-- What this task involves --
Copying exactly, give the lines in the material below from the one with "Single Bottle II: Abstract" to the one with "Banner Rubicat", ends included, and nothing besides.

-- The data --
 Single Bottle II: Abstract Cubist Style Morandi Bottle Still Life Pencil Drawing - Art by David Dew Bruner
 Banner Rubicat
---
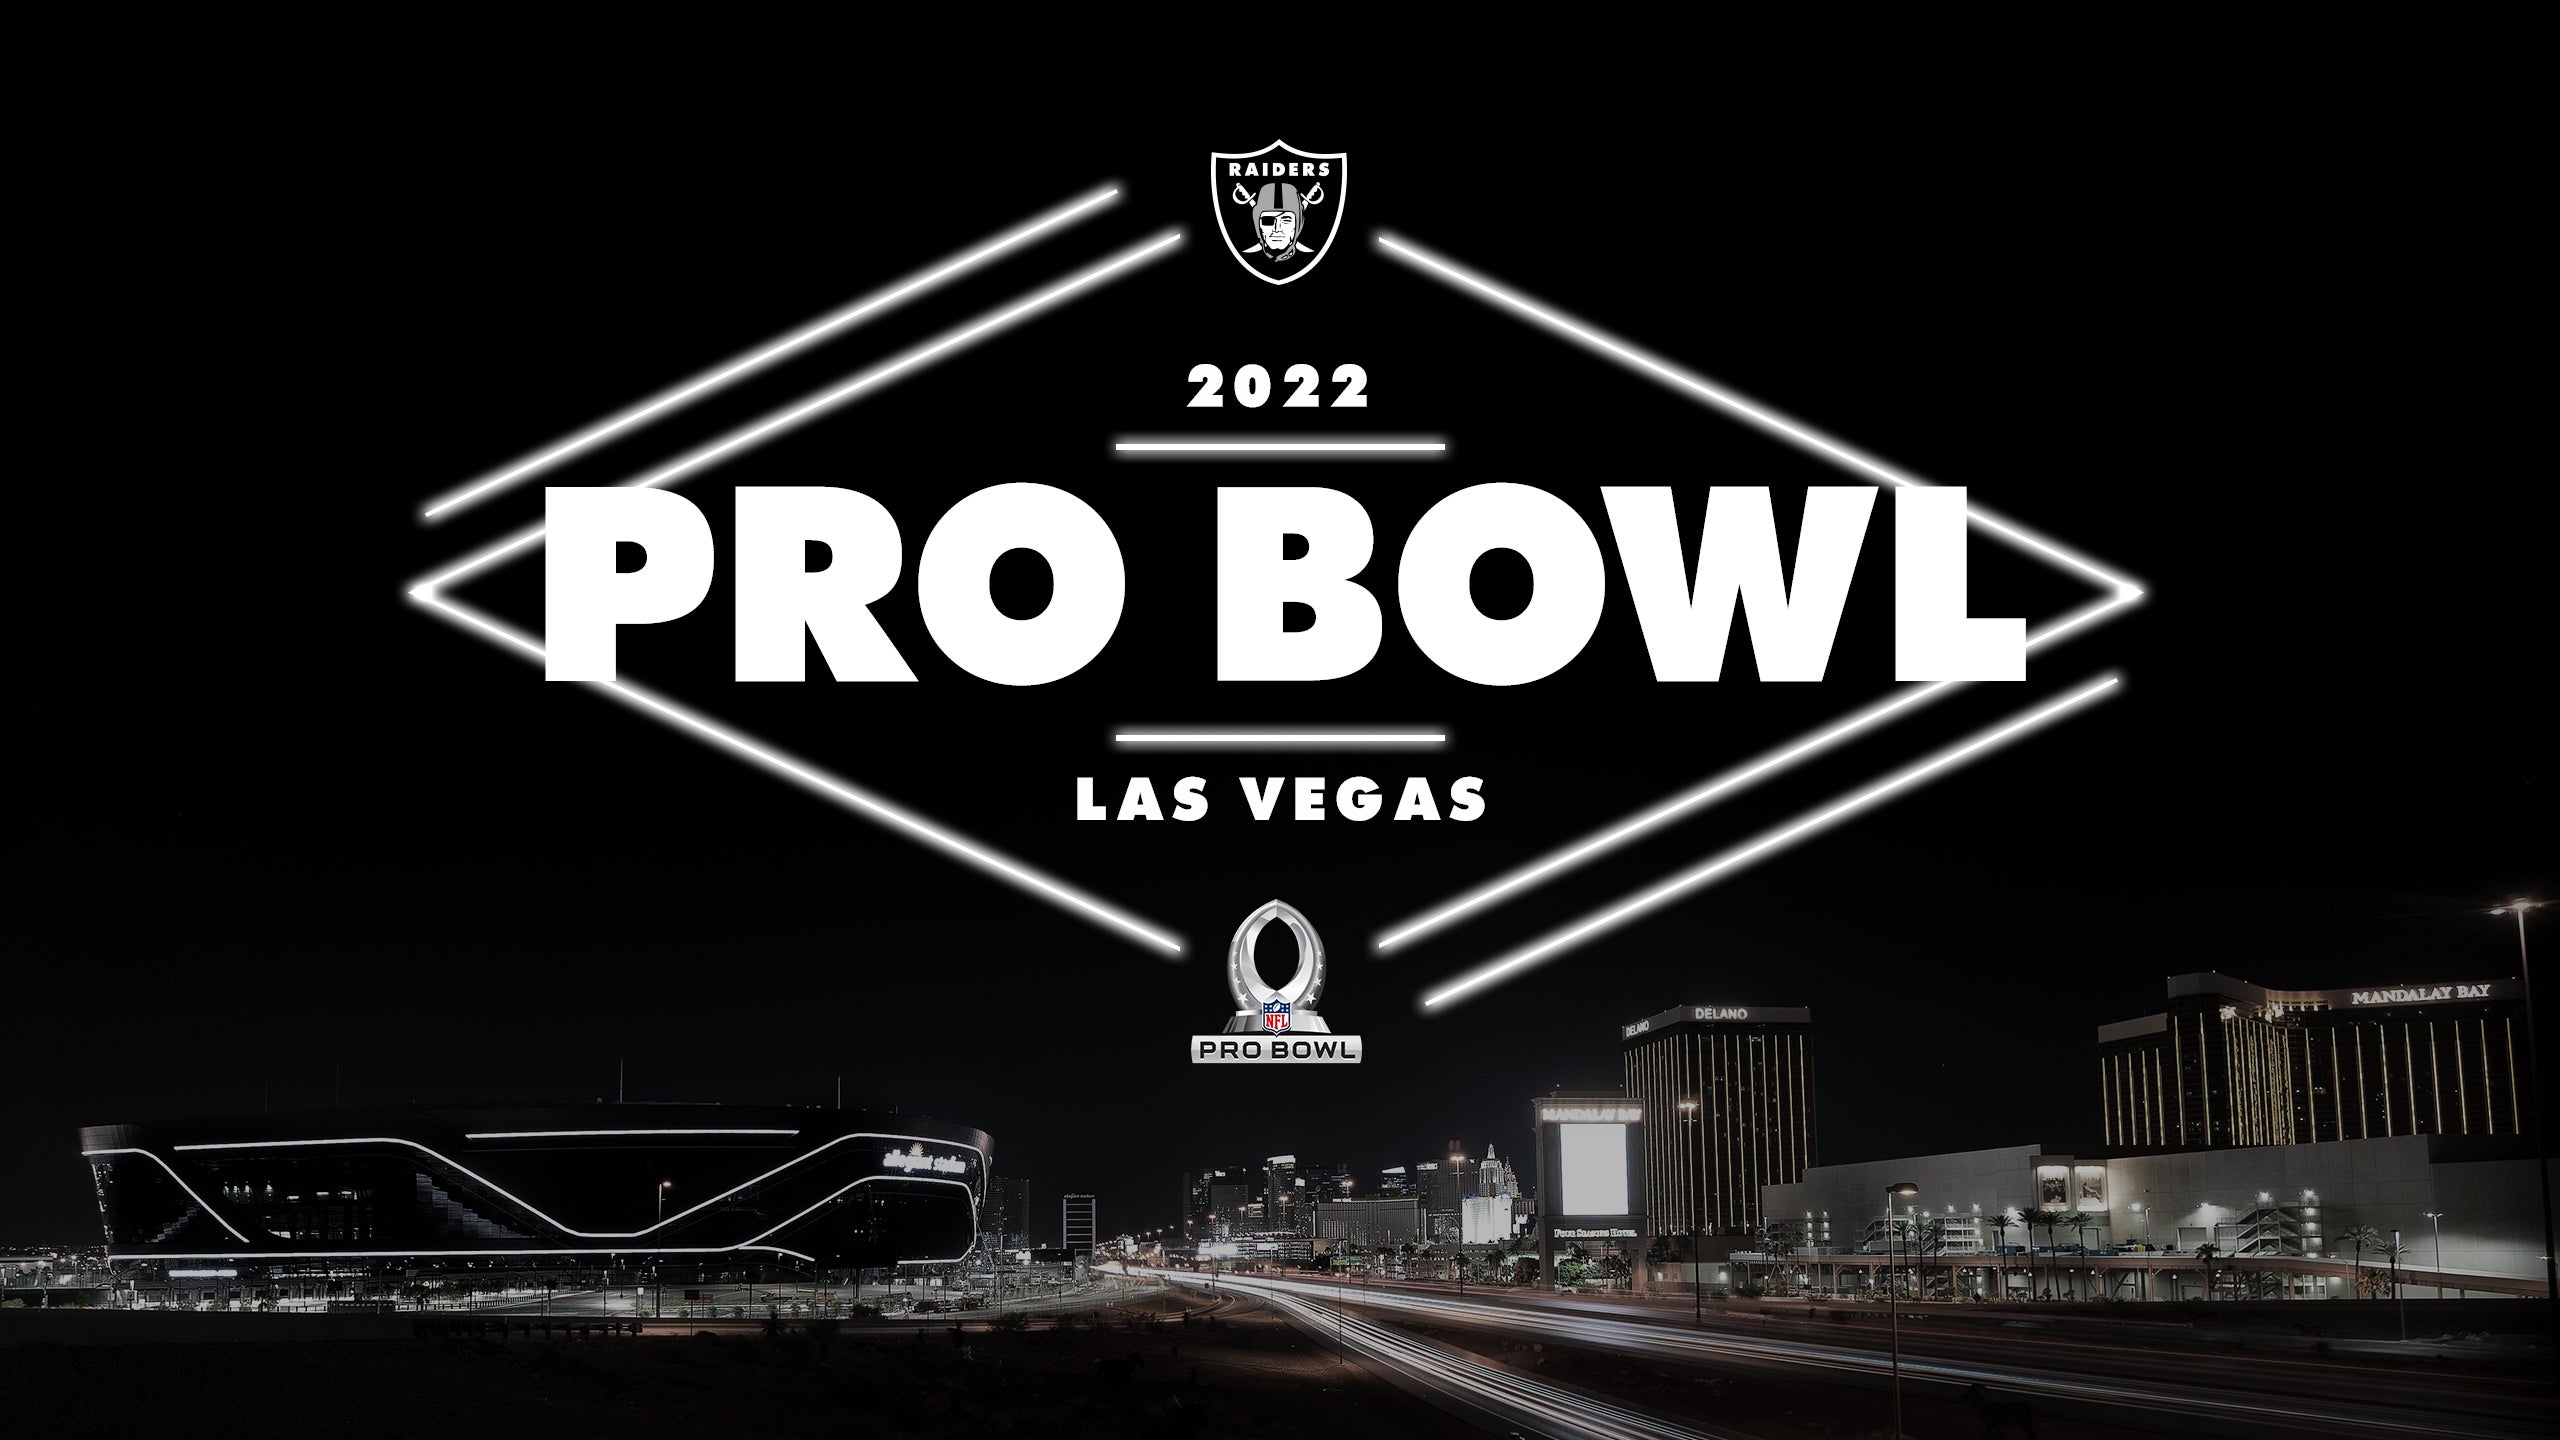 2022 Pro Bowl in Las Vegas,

-- Completed exercise --
 Single Bottle II: Abstract Cubist Style Morandi Bottle Still Life Pencil Drawing - Art by David Dew Bruner
 Banner Rubicat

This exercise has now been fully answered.